熾烈な競争

仕事の関係で印刷を依頼することがときどきあるのですが、近ごろのネットで注文する印刷業界の価格競争には凄まじいものがあるようです。

ネットが発達する以前の印刷業界を知る者にとっては、これこそまさに「価格破壊」と呼ぶに相応しいもので、日本中の大半の印刷会社が低価格をめぐって熾烈な競争を繰り広げるか、さもなくば廃業などに追い込まれているようです。

ひと時代前までは、印刷は中国が断然安いので、大手企業などの大量の印刷物や出版物は運送コストをかけてでもそちらのほうが安くつくので、国内の印刷業界は大変な状況らしいという話を聞いたことがありました。
そんな時期からさらに年月を経て、今では国内の印刷業もすべてではないかもしれませんが、この価格競争に打って出て、マロニエ君の手許だけでも、数社の激安店がリストアップされており、安い魅力には勝てずにこれをよく使っています。

しかも驚くべきは、昔ながらの「安かろう、悪かろう」ではなく、本当に高品質な製品がきちんと納入されてくるので、いやはやこれも時代かと驚くばかりです。

そのかわり、昔の印刷屋のような手間暇かけた手法ではなく、原稿はすべて発注者のほうで完成させなくてはならず、それなりにビジュアル系のソフトなども使いこなさなくてはならないという点もありますが、それさえクリアすれば、本当に信じられないような低価格で、従来の価格のものと遜色ない美しい印刷が仕上がってくるのですから、驚くやら、ありがたいやらです。

また一色刷と二色刷、さらにはカラー印刷という点でも、価格は大きく差が出るというのもこれまでの印刷の常識でしたが、今ではフルカラーが半ば当たり前のようで、さほどの違いはありません。
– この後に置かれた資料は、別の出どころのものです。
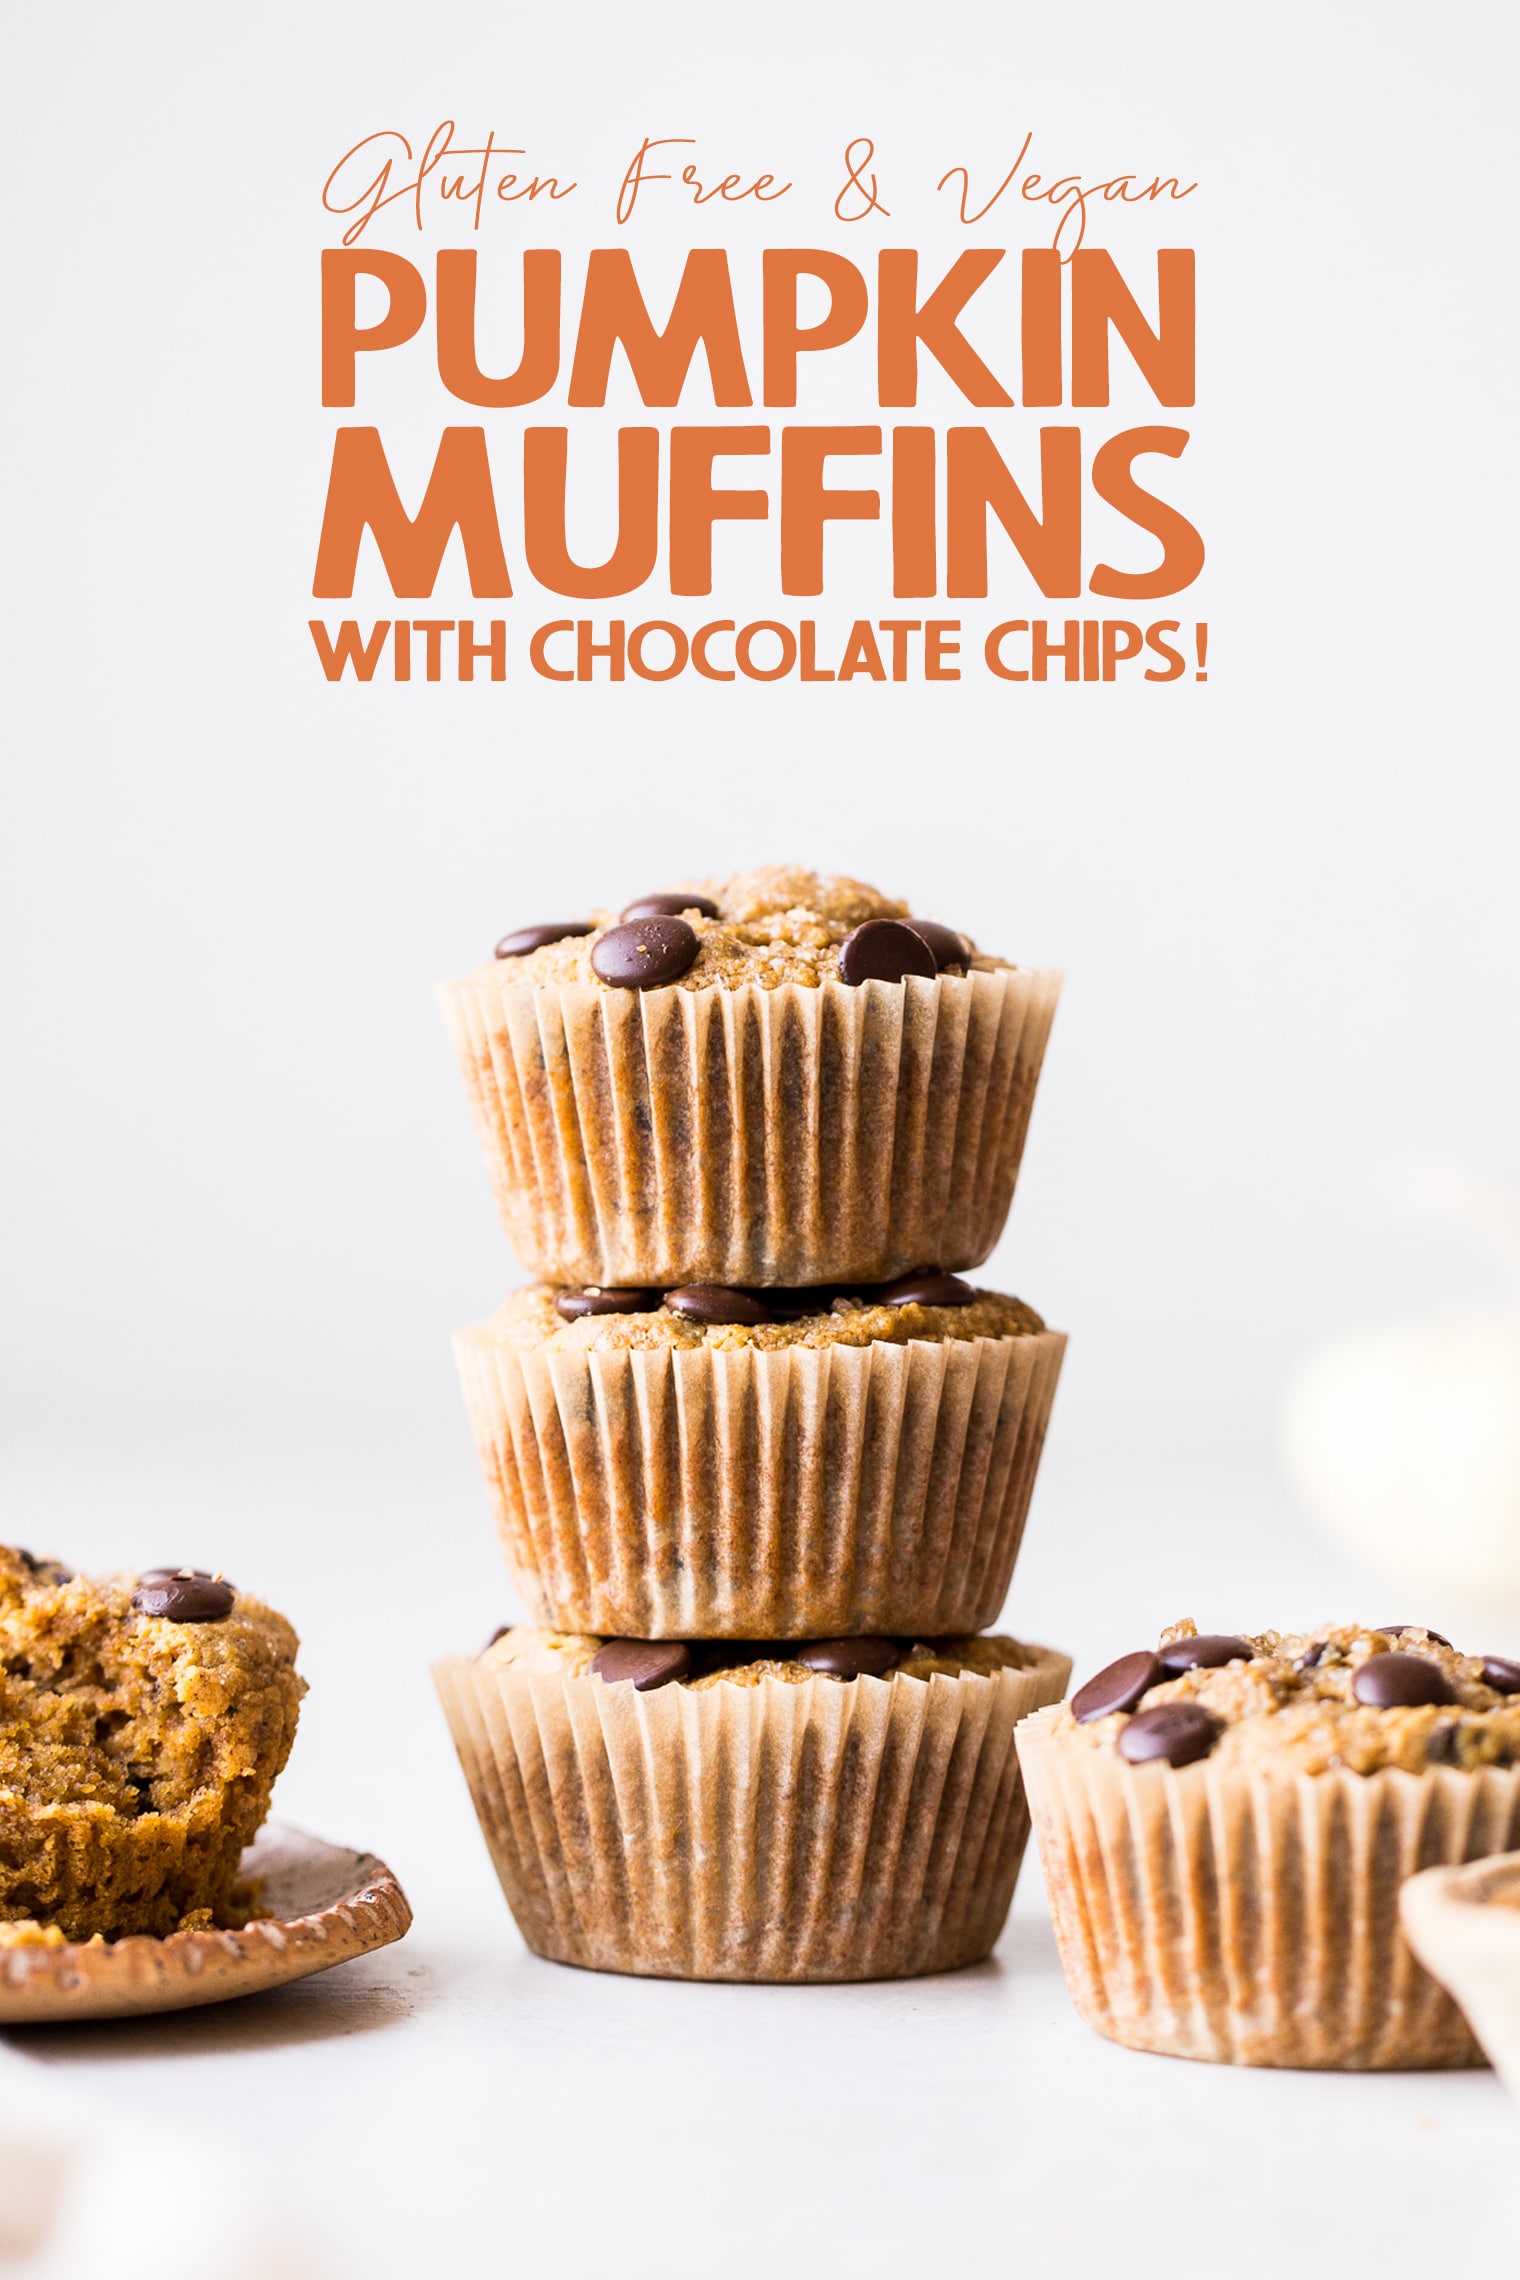 These Gluten-Free Vegan Chocolate Chip Pumpkin Muffins are fluffy, chocolatey, and full of warm pumpkin spices! These are perfect for meal prepping since they freeze well and make a wonderful breakfast, snack, or dessert.

これはおそらく印刷機が以前とは比較にならないほど発達、高性能になったためだろうと思われます。

まあ、利用者としては安いことは無条件にありがたいことなので、とりあえず歓迎なのは間違いありませんが、しかしこういう競争をやっていかなくてはならない今の厳しい世の中という観点で考えてみると、なにやら恐ろしいような気がするのも事実です。
しかも、相手はネットですから、日本中どこの印刷屋であってもハンディなくライバルとなるわけで、昔なら必然的に距離の近い、付き合いのある印刷屋であることは当たり前でしたが、そういう条件も無情に撤廃されたということでしょう。

現にマロニエ君がネットで利用している印刷会社も、ものによって価格と得意分野が異なるために数社を使っていますが、京都、名古屋というふうに、すべて遠方の会社で、もちろん社員とは一面識もないわけですから、利用しながらときおり驚いているところです。
先日も、ポストカードを作るのに、あるギャラリーの紹介で安い印刷会社(もちろんネットの)というのを紹介されましたが、同じ条件でも別会社を調べてみると価格はさらにその3分の1ほどだったりと、その凄まじさときたら大変なものです。

自分が利用していて言うのも憚られますが、ネットというのは社会をおそろしく厳しい、極限の競争を強いるものへと変えてしまったのは間違いないような気がします。